Кристина Гептинг — о сомнениях, ярком литературном дебюте и влиянии литературы на писателя.

— После победы в «Лицее» и выдвижении на «Нацбест» оказалось, что — далее цитирую — «…внимание к себе, как позитивное, так и негативное, людям моего склада переносить безболезненно для психики очень сложно». К чему ты оказалась не готова?

— Да я вообще, как выяснилось, не очень люблю внимание. В какой-то момент стало казаться, что и хвалят книгу не за то, и ругают не совсем справедливо. Сейчас хочется поменьше слышать, что там пишут и говорят о моей книге, потому что она мне самой немного надоела. Хочется идти дальше.

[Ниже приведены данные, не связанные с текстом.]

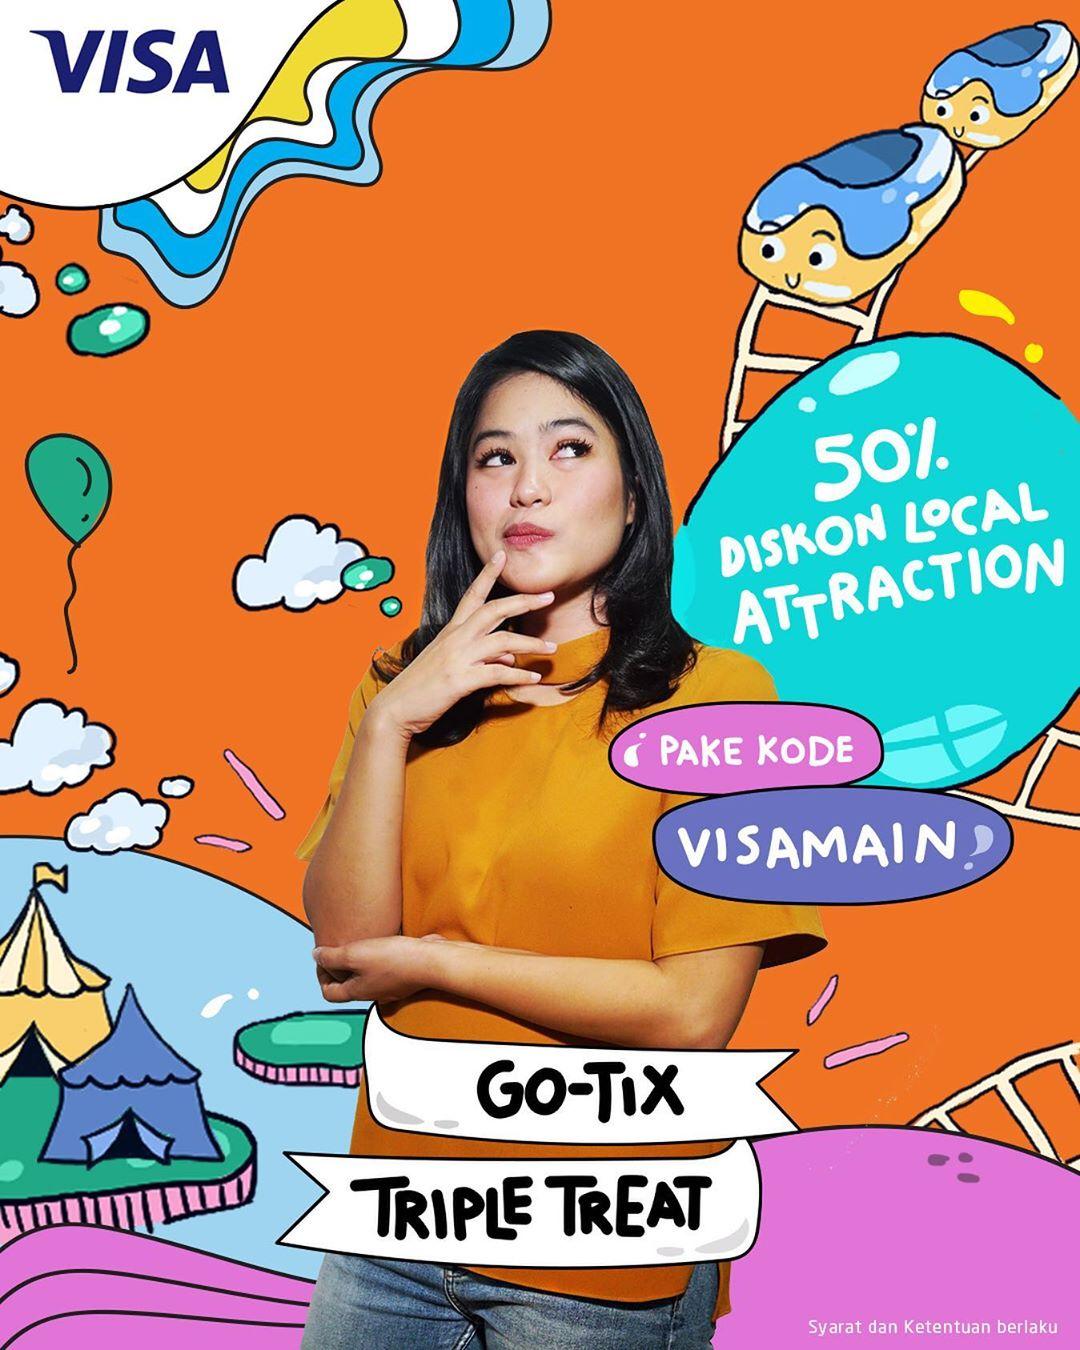 GOTIX Promo DISKON 50% untuk tiket objek wisata

— И, продолжая вопрос: как твои тексты и твой главный на текущий момент текст повлияли на твою жизнь?

— «Плюс жизнь», конечно, сильно изменила и мою жизнь. Я давно пишу прозу, но в основном это были неудачные попытки, и я не скажу, что я даже предпринимала какие-то упорные попытки опубликоваться. С «Плюс жизнью» же было не так. Я верила в этот текст и знала, что он должен найти своего читателя. Собственно, главное, что изменилось, — то, что у меня теперь есть читатели. Наверное, их не очень много, но, учитывая, что раньше не было совсем, думаю, конверсия у меня очень хорошая. Теперь я знаю, что работаю не впустую. Впрочем, сейчас дебютный текст меня не вполне устраивает.

— Тебя не испугал успех?

— Если то, что со мной происходит, можно назвать успехом, то да, в какой-то степени испугал. Может, потому, что я никогда к нему особенно не стремилась.

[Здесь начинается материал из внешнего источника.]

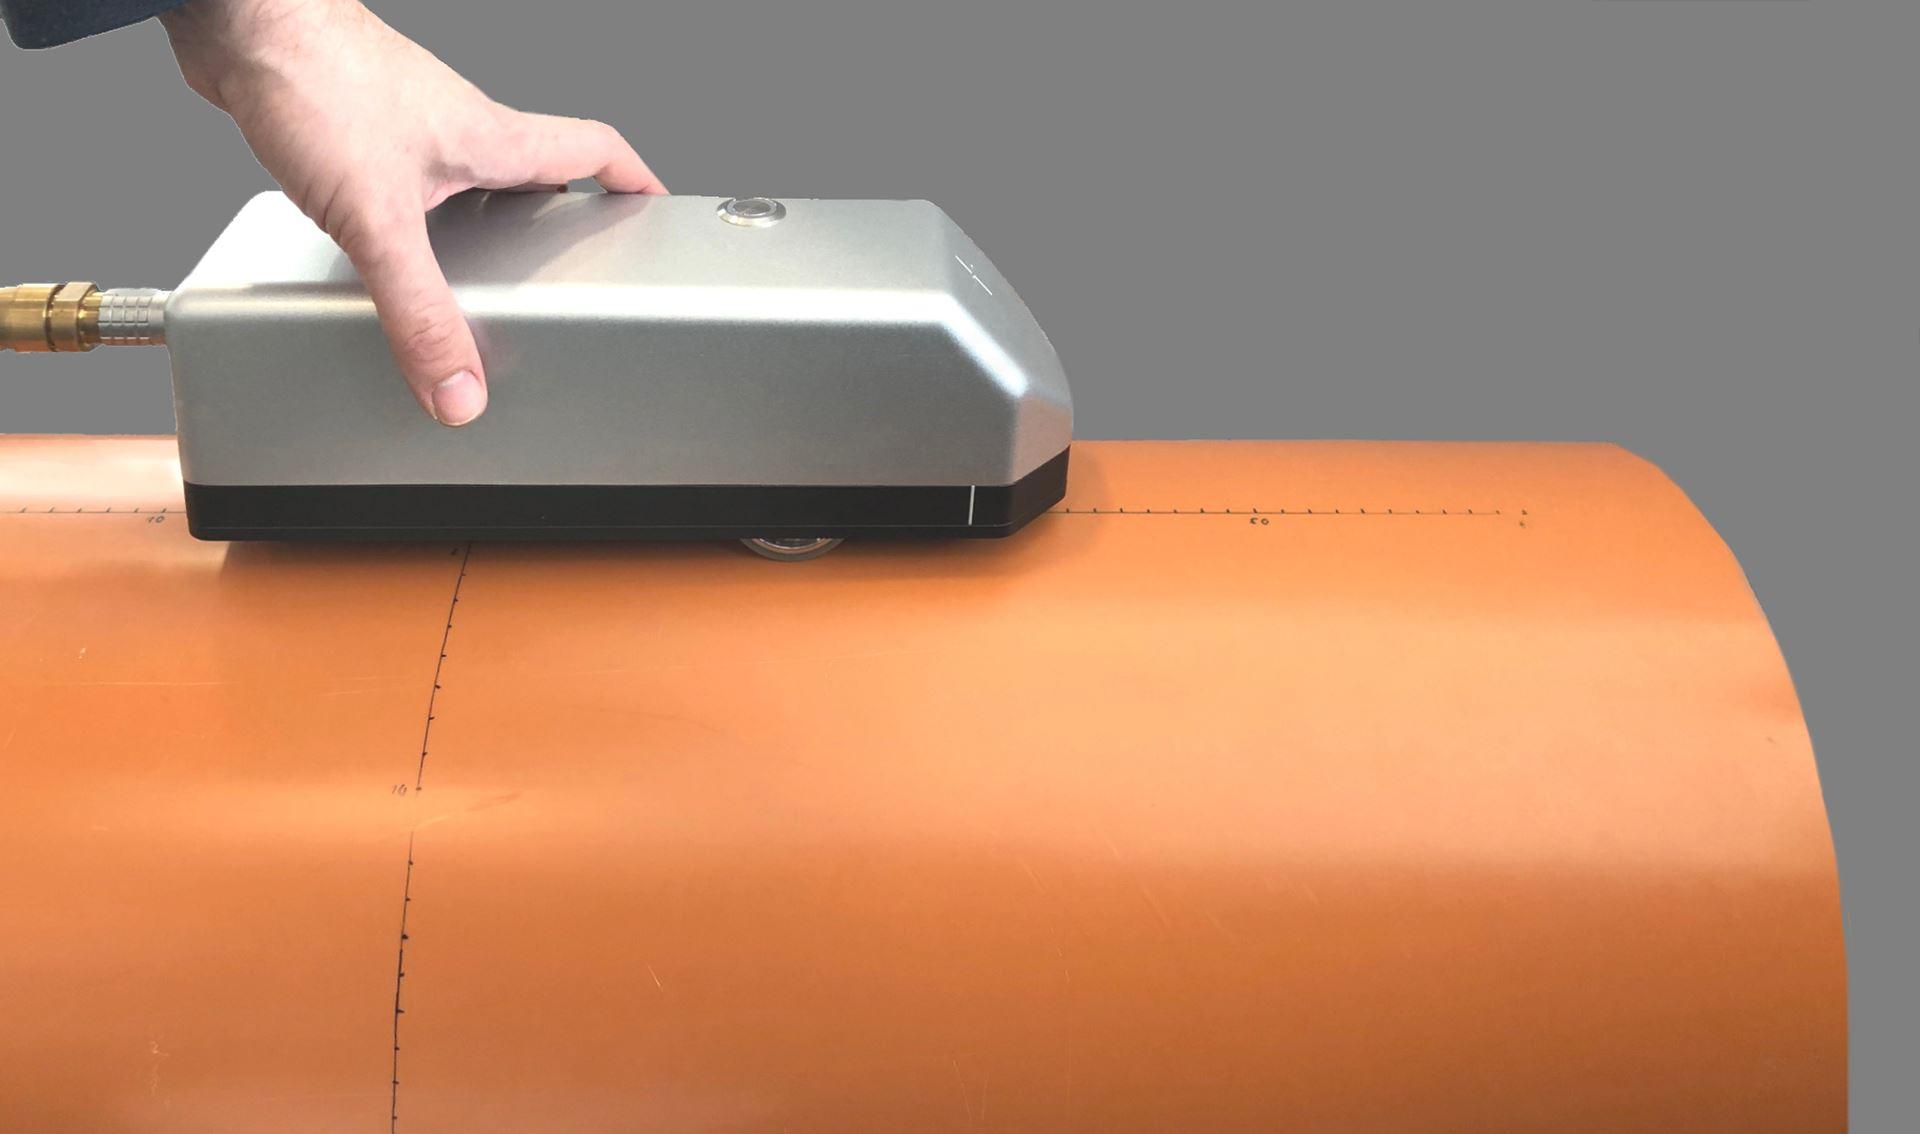 Mobiler Terahertz-Handscanner (Quelle: Fraunhofer ITWM)

— Не было ощущения, что ты получила некий аванс от мироздания? Теперь от тебя ждут новых ярких вещей, а это ответственность. Не страшно?

— Страшновато. Но куда я уже денусь с подводной лодки? Прекрасно знаю, что для части людей я как была самозванкой, так и останусь, что бы я ни написала. Кого-то новыми текстами, возможно, разочарую, а кого-то — порадую… Все это — пена дней. Для меня главное, чтобы мне самой было ценно то, что я пишу. По совпадению, обычно это все же ценно и кому-то еще. И это здорово.

— Ты сказала слово «киги» (то есть книги) в семь месяцев. Твоя семья — библиофилы. По-твоему, путь писателя для человека предопределяет среда? Или же это своего рода зерно, которое со временем все равно прорастет вне зависимости от среды?

— Думаю, играет роль и то и другое. Хотя «зерно» важнее. В более или менее интеллигентных семьях многие растут, но далеко не все занимаются творчеством. Абсолютно согласна с Ольгой Славниковой: звезда на макушку падает, вот и пишешь. Другой вопрос, что с этой звездой дальше делать.

— «С детства у меня существует такая потребность: художественно фиксировать то, что я вижу, что меня волнует и кажется мне важным». Это твои слова. Как ты думаешь, откуда в человеке возникает такая потребность?

— Неужели я это сказала когда-то? Ужас. Просто с художественностью-то у меня, конечно, не все гладко… Ну да ладно. Почему возникает такая потребность? От желания быть услышанным, увиденным, «почувствованным». Но от того, что звезда-то уже на макушку упала, просто рассказать что-то семье или друзьям — мало. Вот и пишут люди. Наверное, так.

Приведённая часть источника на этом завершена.